Establishment of economic organizations by foreign investors

Another key change is that the requirement for foreign investors to have an investment project and obtain an Investment Registration Certificate (IRC) prior to establishing an economic organization in Vietnam is proposed to be removed. Under the Draft Law (Article 21), foreign investors will be permitted to establish economic organizations before applying for an investment project.

This is expected to promote a more open and equitable investment environment in comparison with domestic investors and to attract greater foreign investment.

Investment project management

Certain revision on provisions related to investment projects are proposed in the Draft Law that reflect the practical realities of implementing business investment activities in Vietnam such as follows:

a. Amendment of the cases in which the competent authority shall approve the investment policy and simultaneously grant approval to the investor without requiring a land use rights auction or investor selection through bidding (Article 25);

b. Introducing a new provision that defines projects not subject to the investment policy approval procedure (Article 26);

c. The authority to approve investment policies, currently held by the National Assembly, is proposed to be removed and instead vested in the Government under the Draft Law (Article 27);

d.
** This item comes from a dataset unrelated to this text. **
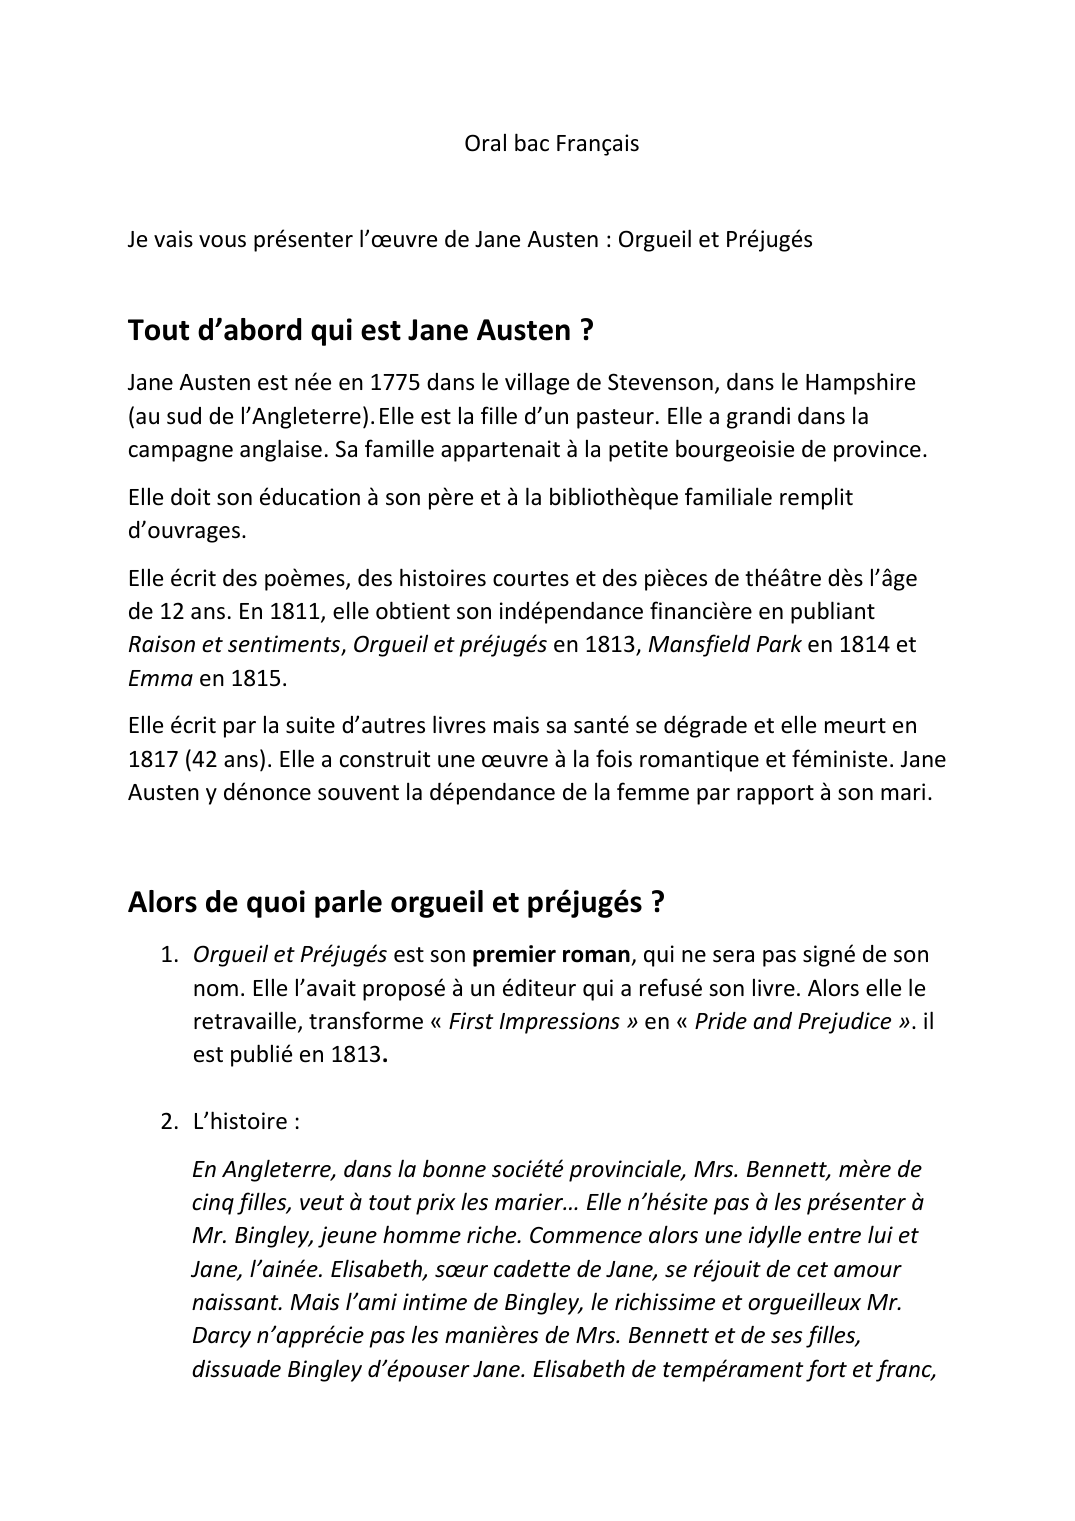 Prévisualisation du document oral bac français sur Orgueil et préjugé de Jane Austen

The scope of investment policy approval by the Chairman of the Provincial People’s Committee is limited to the projects that significantly impact the environment, pose serious environmental risks, affect national defense or security, or involve critical infrastructure (Article 28);

e. Amendments to an investment project subject to approval on the IRC amendment or the amendment to investment policy approval are limited to those that affect the essential and substantive components of the project (Article 33), thereby streamlining the process on investment project management and enhancing efficiency for investors; and

f. The obligation for the investors to provide a guarantee deposit for project implementation in the event of a change in land use purpose under current regulations is removed in the Draft Law (Article 35).
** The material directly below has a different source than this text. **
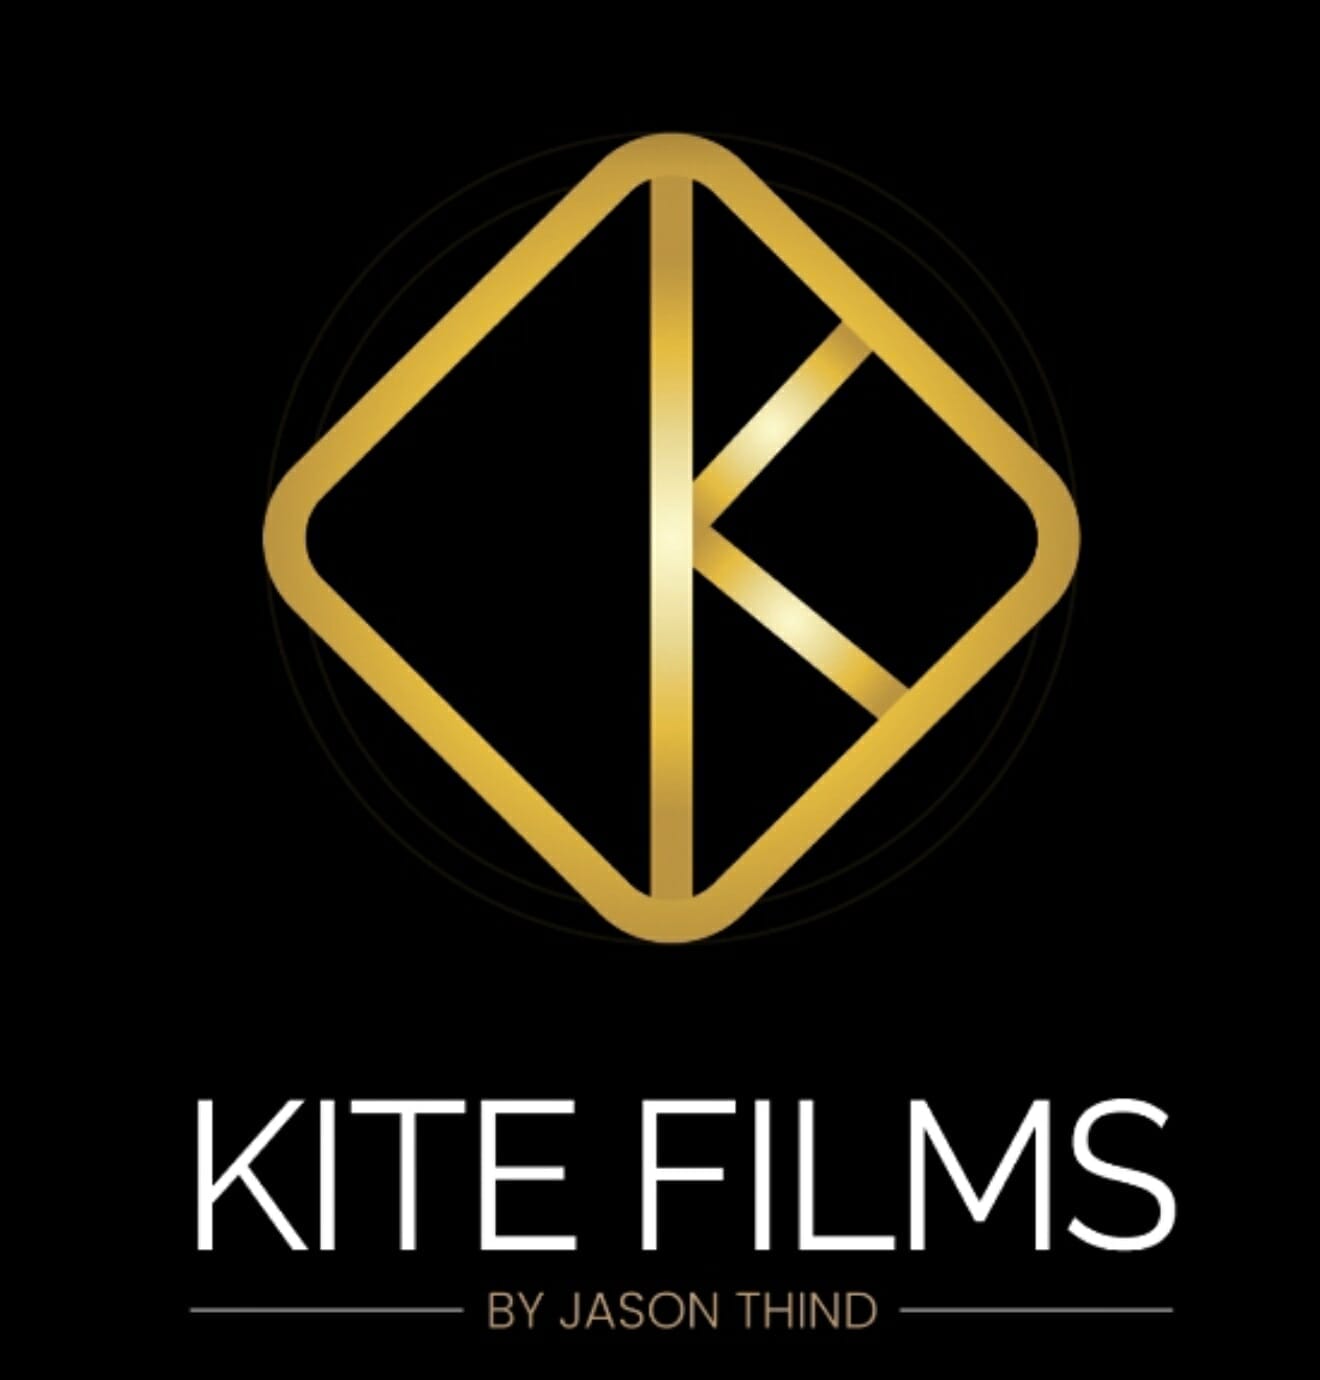 Kite films

Outbound investment activities

Notably, the administrative procedures for outbound investment in projects are simplified and made more flexible, specifically:

a. The procedure for approving outbound investment policies (i.e., currently under the authority of the National Assembly and the Prime Minister) is proposed to be abolished;

b. Vietnamese investors will no longer be required to obtain an Outbound Investment Registration Certificate (OIRC) issued by the MOF for projects under VND 20 billion (~USD 760,000) and will only be subject to the obligation to register foreign exchange transactions with the State Bank of Vietnam (Article 47); and

c. The timeline for repatriating profits from the host country to Vietnam will be extended from 6 months to 12 months, starting from the date of the final tax report or equivalent document, offering more convenience for Vietnamese investors (Article 54).

In conclusion, the Draft Law presents significant advantages and advancements aimed at improving Vietnam’s investment landscape. By addressing existing regulatory issues, it aims to establish a robust and adaptable legal framework that will foster greater efficiency, flexibility, and attractiveness for investors.